- Awarded for: Best editing of the year for a genre film
- Country: United States
- Presented by: Academy of Science Fiction, Fantasy and Horror Films
- First award: 1977
- Currently held by: Michael P. Shawver for Sinners (2024/2025)
- Website: www.saturnawards.org

= Saturn Award for Best Editing =

Award for editing

The Saturn Award for Best Editing (originally Saturn Award for Outstanding Editing) is one of the annual awards given by the Academy of Science Fiction, Fantasy and Horror Films.
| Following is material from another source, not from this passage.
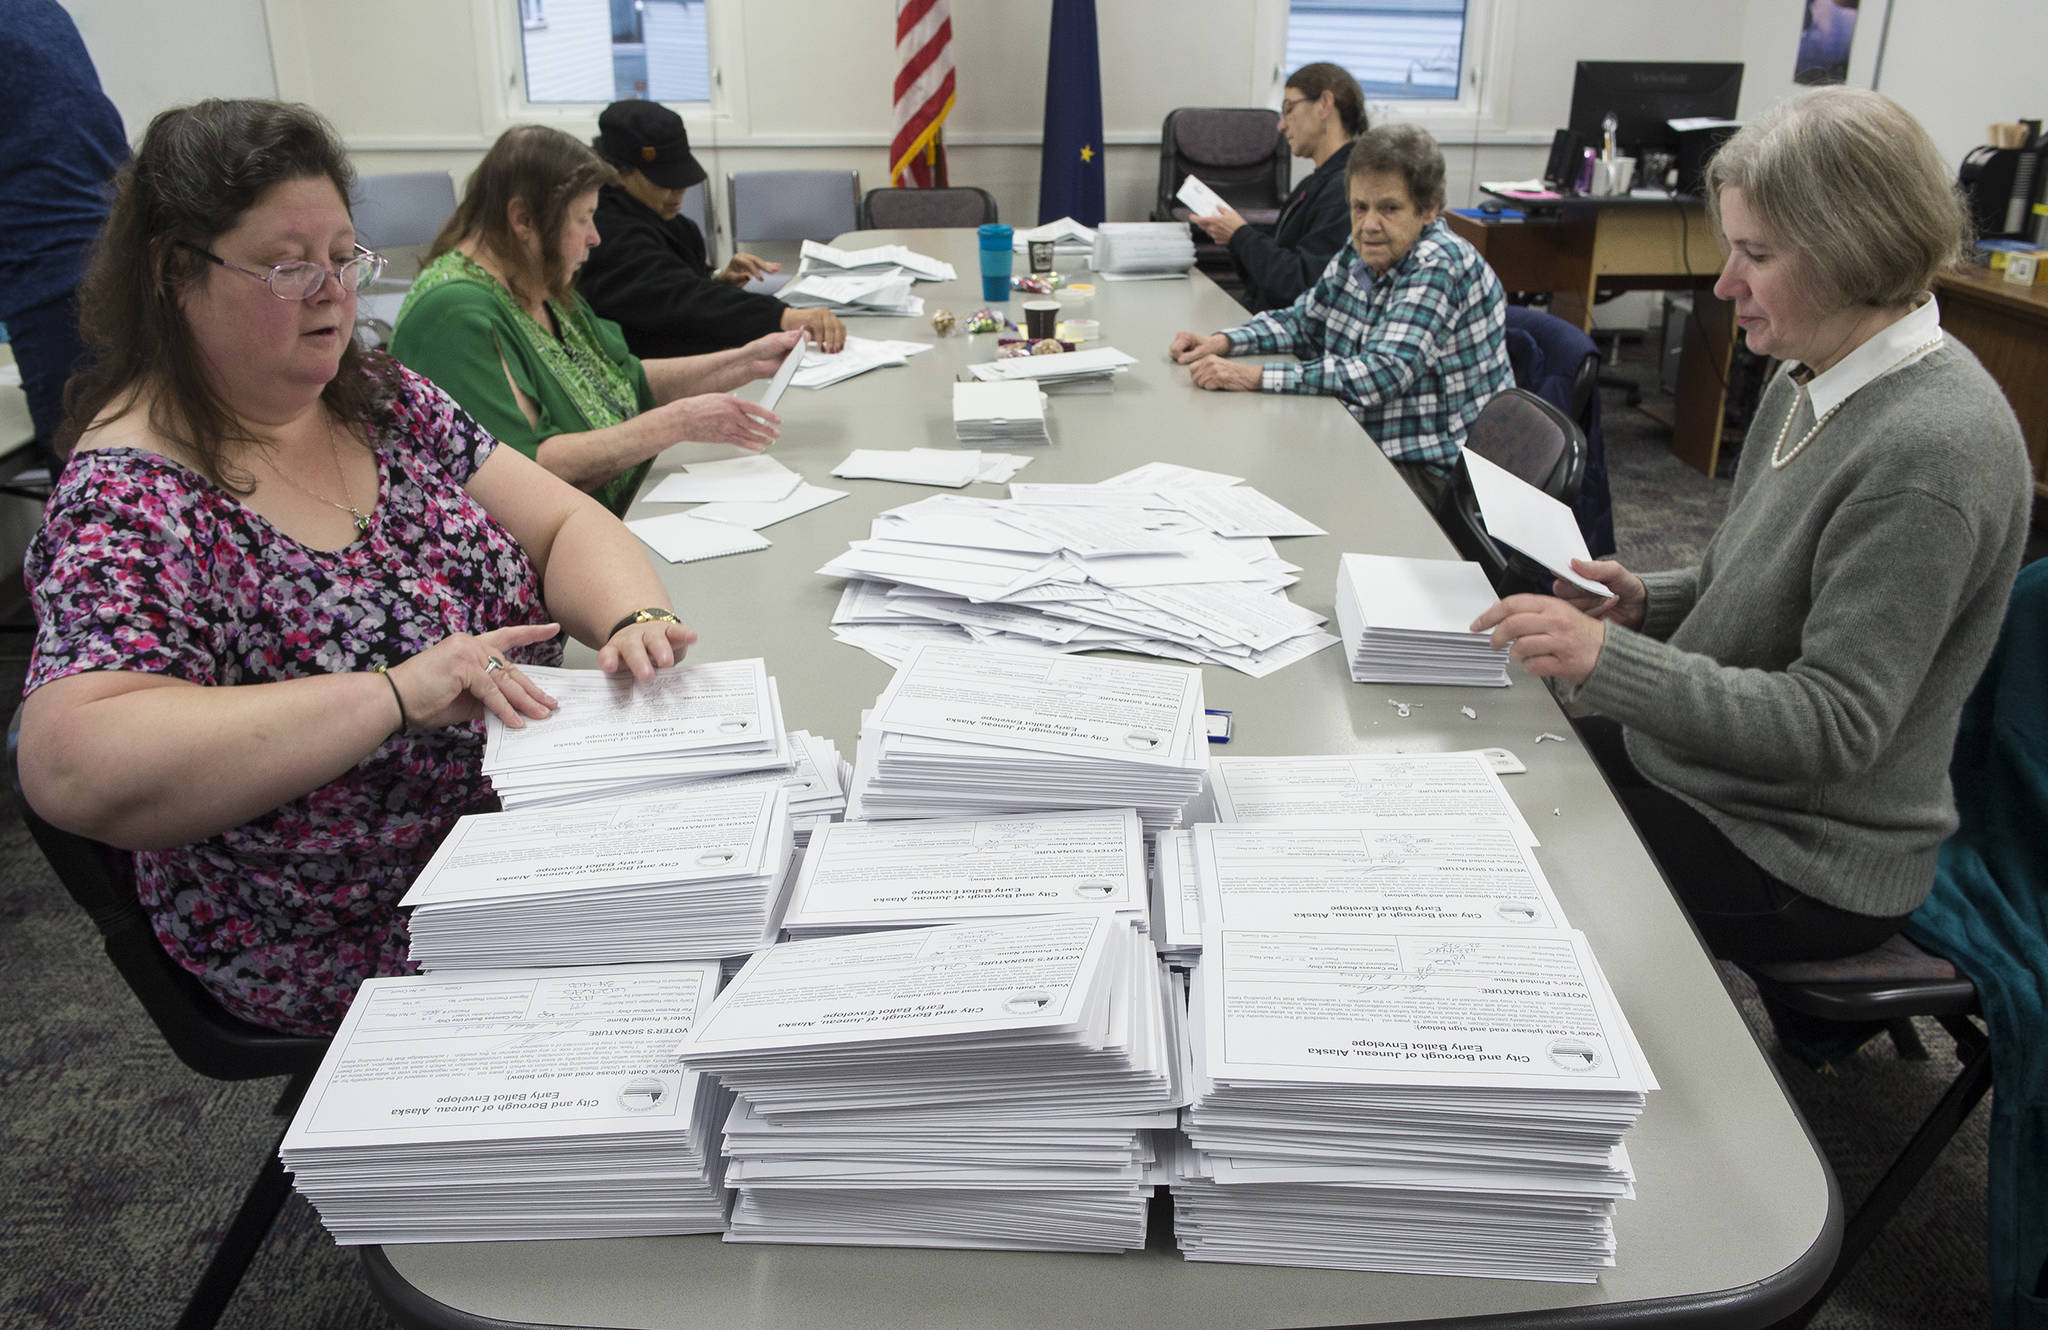 Members of the Absentee Questioned Ballot Review Board open ballots before counting at the City Hall on Friday, Oct. 6, 2017. (Michael Penn | Juneau Empire)

The Saturn Awards, which are the oldest film-specialized awards to honor science fiction, fantasy, and horror in film (the Hugo Award for Best Dramatic Presentation is the oldest award for science fiction and fantasy films), included the category for the first time at the 5th Saturn Awards.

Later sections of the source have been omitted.